Once the vhost-user session has been established all vring activity can be performed by poll mode drivers in shared memory. This eliminates vmexits in the data path so that the highest possible VM-to-VM communication performance can be achieved.

Even when interrupts are necessary, virtio-vhost-user can use lightweight vmexits thanks to ioeventfd instead of exiting to host userspace. This ensures that VM-to-VM communication bypasses device emulation in QEMU.

How it works

Virtio devices were originally emulated inside the QEMU host userspace process. Later on, vhost allowed a subset of a virtio device, called the vhost device backend, to be implement inside the host kernel. vhost-user then allowed vhost device backends to reside in host userspace processes instead.

virtio-vhost-user takes this one step further by moving the vhost device backend into a guest. It works by tunneling the vhost-user protocol over a new virtio device type called virtio-vhost-user.

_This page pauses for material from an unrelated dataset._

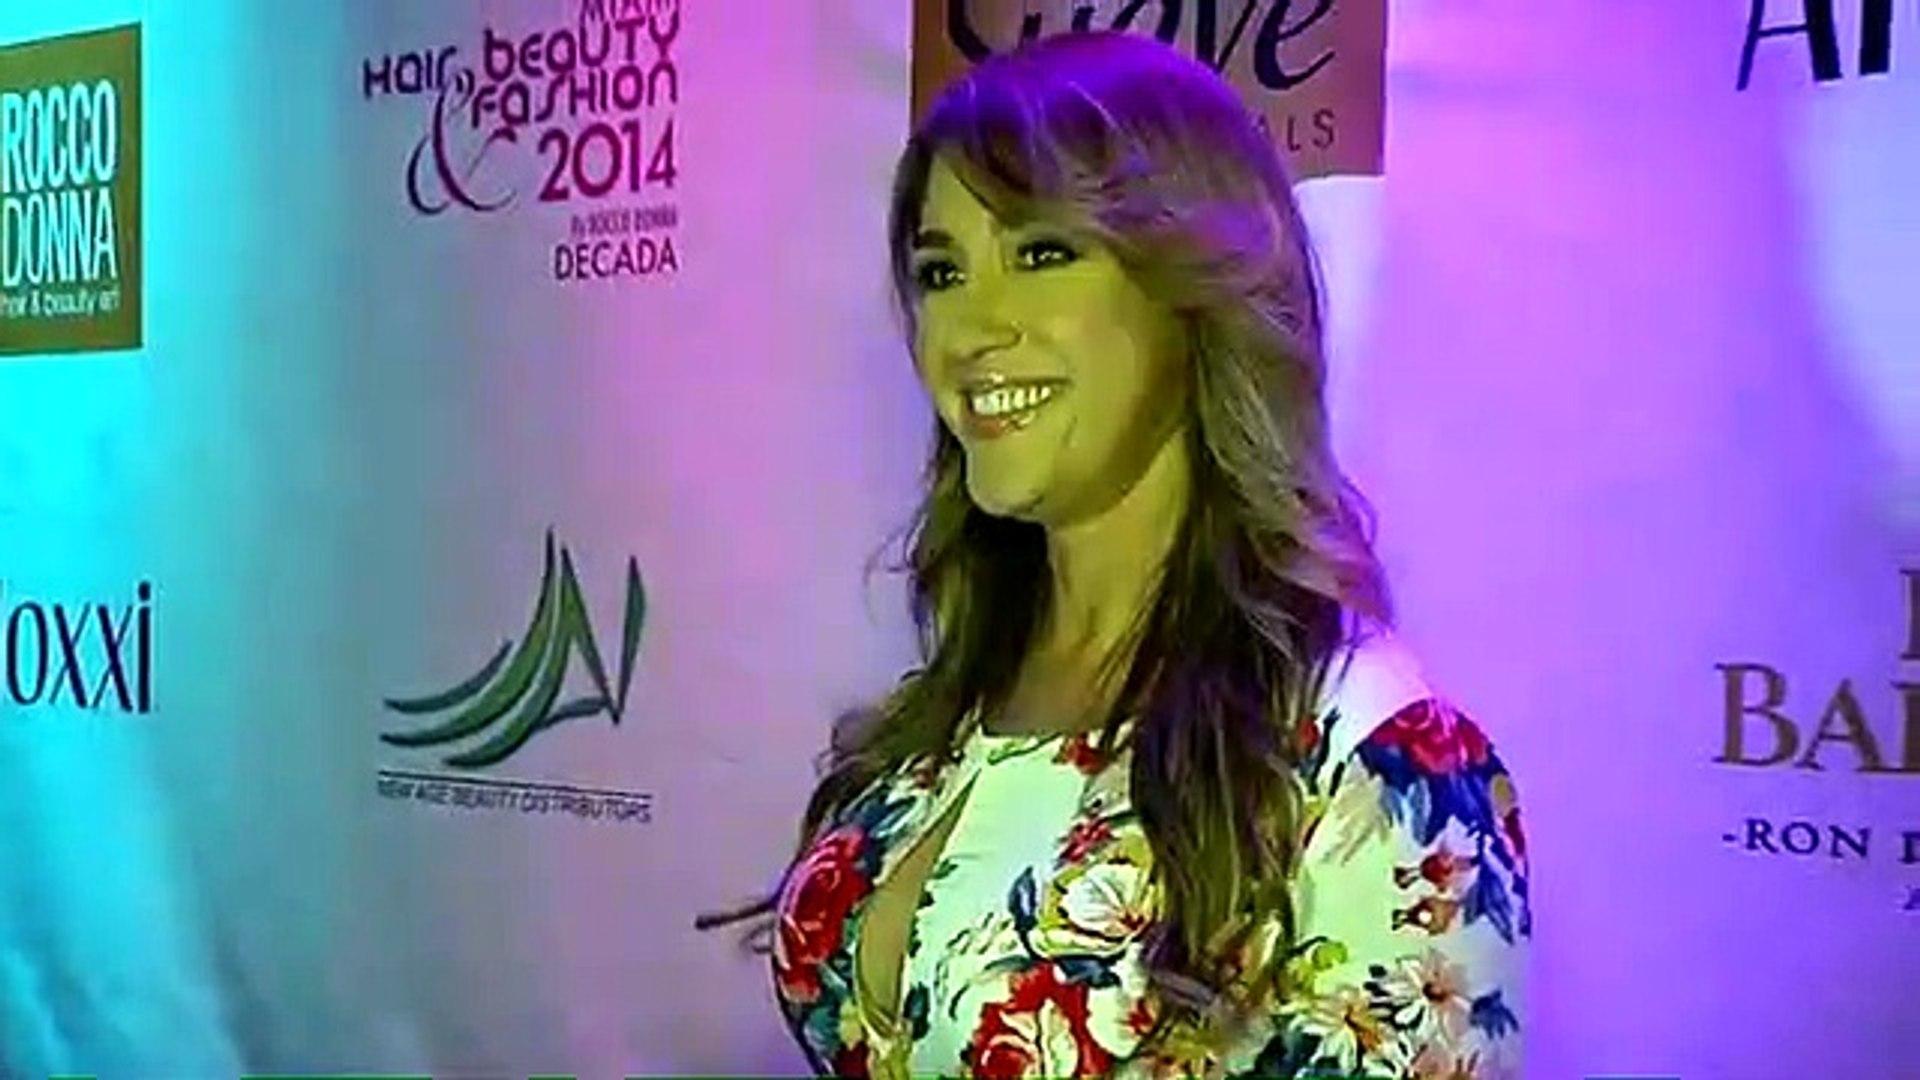 Miami Hair and Beauty Fashion - Rocco Donna & Sachamama

The following diagram shows how two guests communicate:

+-------------+                     +-------------+
|     VM1     |                     |     VM2     |
|             |                     |             |
|    vhost    |    shared memory    |             |
|   device    | +-----------------> |             |
|   backend   |                     |             |
|             |                     | virtio-net  |
+-------------+                     +-------------+
|             |                     |             |
|  virtio-    |  vhost-user socket  |             |
| vhost-user  | <-----------------> | vhost-user  |
|    QEMU     |                     |    QEMU     |
+-------------+                     +-------------+

VM2 sees a regular virtio-net device. VM2's QEMU uses the existing vhost-user feature as if it were talking to a host userspace vhost-user backend.

VM1's QEMU tunnels the vhost-user protocol messages from VM1's QEMU to the new virtio-vhost-user device so that guest software in VM1 can act as the vhost-user backend.

It is possible to reuse existing vhost-user backend software with virtio-vhost-user since they use the same vhost-user protocol messages. A driver is required for the virtio-vhost-user PCI device that carries the message instead of the usual vhost-user UNIX domain socket. The driver can be implemented in a guest userspace process using Linux vfio-pci but guest kernel driver implementation would also be also possible.

The vhost device backend vrings are accessed through shared memory and do not require vhost-user message exchanges in the data path. No vmexits are taken when poll mode drivers are used. Even when interrupts are used, QEMU is not involved in the data path because ioeventfd lightweight vmexits are taken.

All vhost device types work with virtio-vhost-user, including net, scsi, and blk.